The use of labelled nitrogen makes it easy to follow internal nitrogen cycle of N-inputs in forest ecosystems (Nadelhoffer et al. 2004; Tietema et al. 1998; Feng et al. 2008) and soils (Mochoge and Beese 1983a ,b). Often, labelled nitrogen is applied in a single dose which provides information on the nitrogen transformation rates under the current environmental conditions of addition. We applied constant rates of 15N labelled ammonium and nitrate as an artificial crown drip for long periods on undisturbed soil columns (Brumme and Aden 1995) under field and laboratory conditions in order to simulate continuous N-depositions so as to follow N-transformations under close to field conditions.
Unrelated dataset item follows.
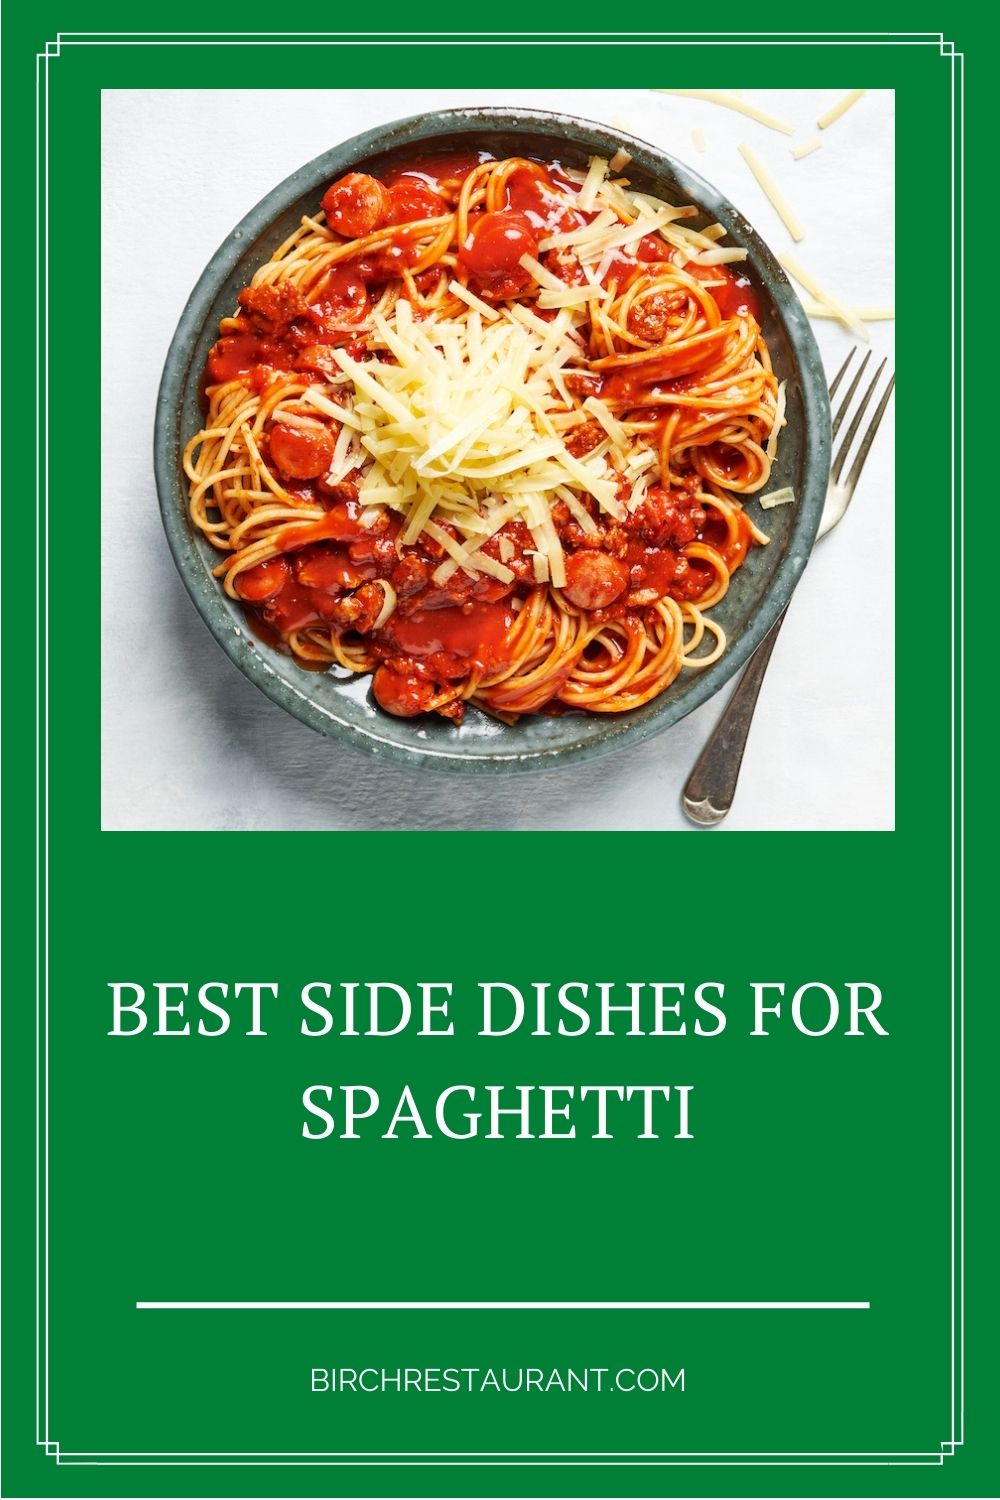 Best Side Dishes for Spaghetti

The aims of this study were to estimate: (1) the leaching losses of deposited ammonium and nitrate from soil of different acidity by adding 15N labelled ammonium and nitrate on undisturbed soil cores from three beech forest ecosystems at the Göttinger Wald, Zierenberg and Solling sites, (2) to compare the transport of added ammonium and nitrate, which are biologically transformed, with chloride as a marker which is not biologically transformed, (3) to determine the retention processes of added ammonium and nitrate involved in forest soils, and (4) to study the temperature effect on N-transformation of added labelled nitrogen.
2 Experimental Details
The results presented in this chapter were derived from the same field and laboratory study as already described in the Chap. 13 “Nitrogen and carbon transformations.” Undisturbed soil cores of the L–20 cm depth (15 cm diameter) from the Göttinger Wald, Zierenberg and Solling (n =8) sites were placed at the Solling site in such a way that the surface of the soil cores was in level with the surrounding soil ( field study). The cores were kept covered at the surface to prevent natural rainfall but were open between the soil cores and the lid to enable gas exchange. Every 2 weeks, the soil cores were irrigated with 486 mL of an artificial throughfall (equal to an irrigation of 2.1 mm per day) which contained 15N labelled ammonium sulphate (five of eight soil cores) (8.4 atom % 15Nex, where ex refers to the 15N in excess of the natural abundance) to achieve a deposition rate of 11 kg N ha−1 per year. The columns were closed at the bottom and ceramic suction cups enabled sampling and quantifying of leached water twice a month over a 12-month period, which were combined to a monthly sample and analysed for nitrate, ammonium and the labelled fraction.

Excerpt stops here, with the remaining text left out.